As the speed of electronic computers increased even further, it was the information input and output devices that became the bottleneck of the man-machine system; their slow operation rendered the high-output performance of the central processing unit quite useless. Systems for the simultaneous solution of several problems on the same machine represented an attempt to overcome this difficulty. Another reason for creating such systems was the fact that a large number of customers had to be able to use the machine at the same time (this was particularly important in the use of computers as automatic control systems). All this, as well as a number of other reasons, was responsible for the advent of a new kind of programming — system programming. Its principal task is to produce operational systems which monitor the operation of the machine, extend its potentialities by means of programming and offer to the customer an additional service not provided for in the apparatus itself: The possibility of input and output as problems are being solved, the automatization of reduction of output, the creation of graphic records, visual displays, a dialogue with the machine, and simultaneous solution of several problems by the machine (time-sharing).
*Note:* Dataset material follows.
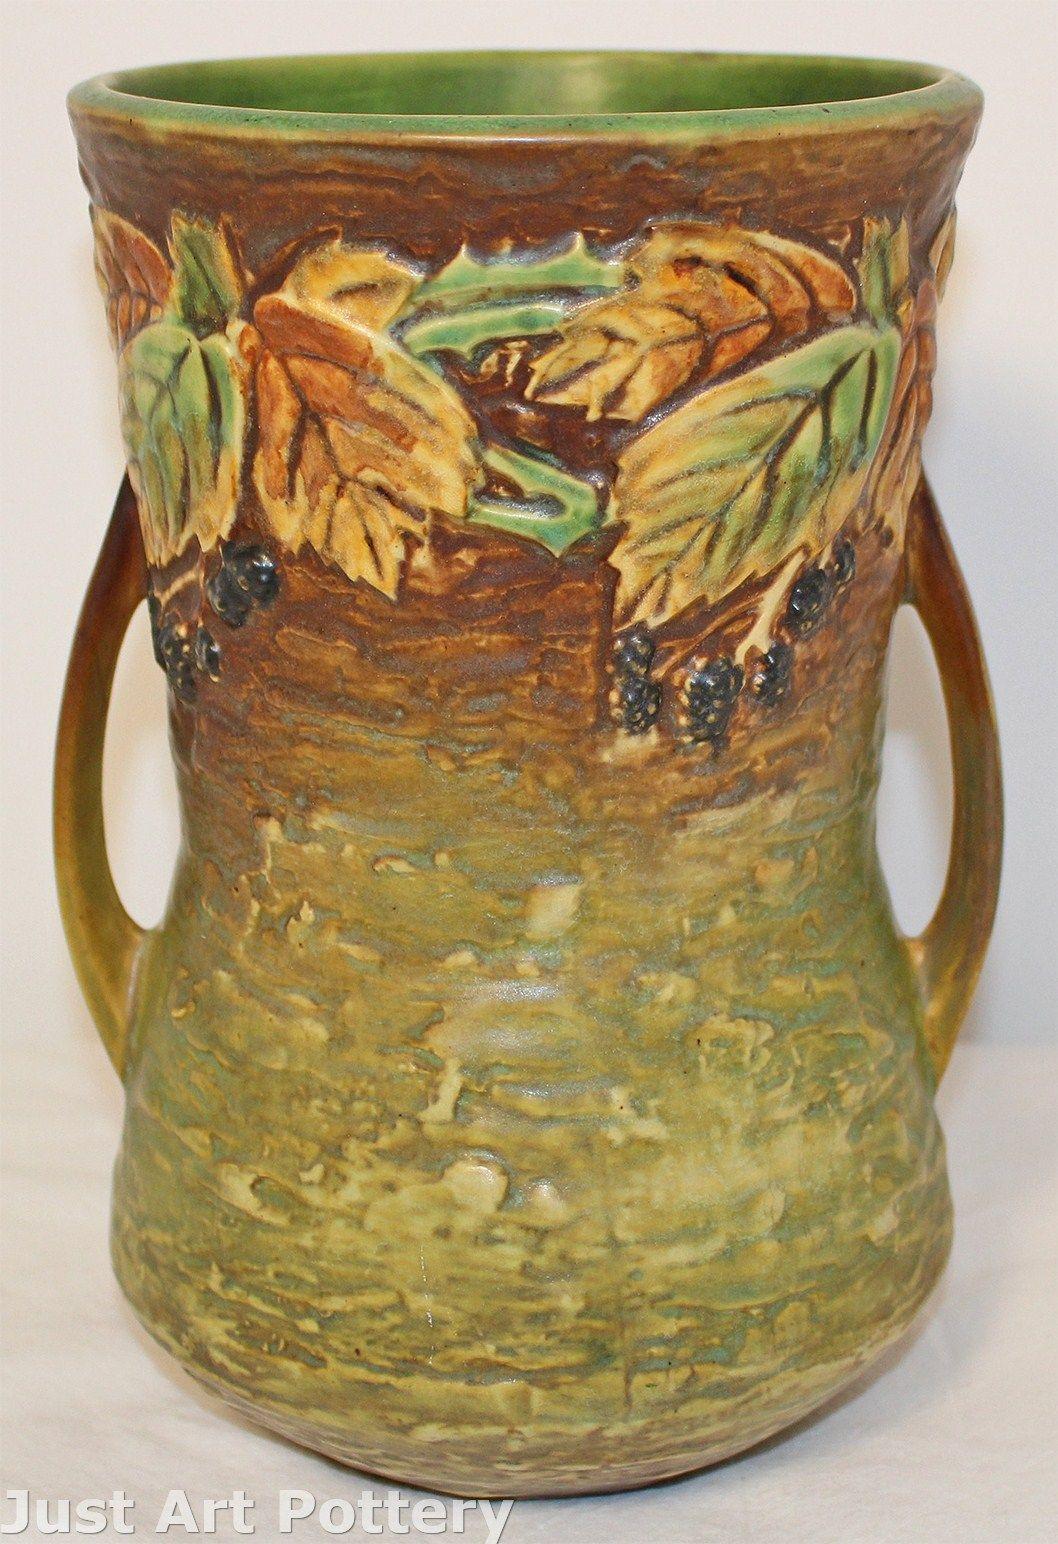 roseville pottery green vase of roseville pottery blackberry basket 334 6 from just art po throughout penchant for pottery a— roseville pottery blackberry vase 577 10 from just art pottery

Computers are also employed to an increasing extent in working with large numbers of machines in combination, including machines of different kinds, input mechanisms, communication channels between machines and a user and, in part, physical installations. Such highly productive systems are used, for example, to solve problems in economics and in processing the results of physical experiments involving the input and the processing of large amounts of information.

The development of computational systems, in particular information systems and automatic control systems, represents one of the most actual scientific problems of the present day.


Comments

At the moment computer algebra, or symbolic formula manipulation, on computers is rapidly becoming important. In it, algebraic tools are used for formula manipulation. Exact values of integrals and Jacobians can be found using these tools, in contrast to an appeal to numerical mathematics, in which (rounding-off) errors play an important role. The availability and systematic use of powerful computational devices has given rise to several new areas of mathematical investigation and has revived or stimulated others.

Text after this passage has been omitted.